Ehrhardt Proksch scite author profile

Abstract:The skin forms an effective barrier between the organism and the environment preventing invasion of pathogens and fending off chemical and physical assaults, as well as the unregulated loss of water and solutes. In this review we provide an overview of several components of the physical barrier, explaining how barrier function is regulated and altered in dermatoses. The physical barrier is mainly localized in the stratum corneum (SC) and consists of protein-enriched cells (corneocytes with cornified envelope and cytoskeletal elements, as well as corneodesmosomes) and lipidenriched intercellular domains. The nucleated epidermis also contributes to the barrier through tight, gap and adherens junctions, as well as through desmosomes and cytoskeletal elements. During epidermal differentiation lipids are synthesized in the keratinocytes and extruded into the extracellular domains, where they form extracellular lipid-enriched layers. The cornified cell envelope, a tough protein ⁄ lipid polymer structure, resides below the cytoplasmic membrane on the exterior of the corneocytes.
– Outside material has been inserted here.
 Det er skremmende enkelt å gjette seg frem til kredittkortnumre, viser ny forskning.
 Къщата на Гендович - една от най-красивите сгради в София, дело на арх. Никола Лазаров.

Ceramides A and B are covalently bound to cornified envelope proteins and form the backbone for the subsequent addition of free ceramides, free fatty acids and cholesterol in the SC. Filaggrin is cross-linked to the cornified envelope and aggregates keratin filaments into macrofibrils. Formation and maintenance of barrier function is influenced by cytokines, 3¢,5¢-cyclic adenosine monophosphate and calcium. Changes in epidermal differentiation and lipid composition lead to a disturbed skin barrier, which allows the entry of environmental allergens, immunological reaction and inflammation in atopic dermatitis. A disturbed skin barrier is important for the pathogenesis of contact dermatitis, ichthyosis, psoriasis and atopic dermatitis.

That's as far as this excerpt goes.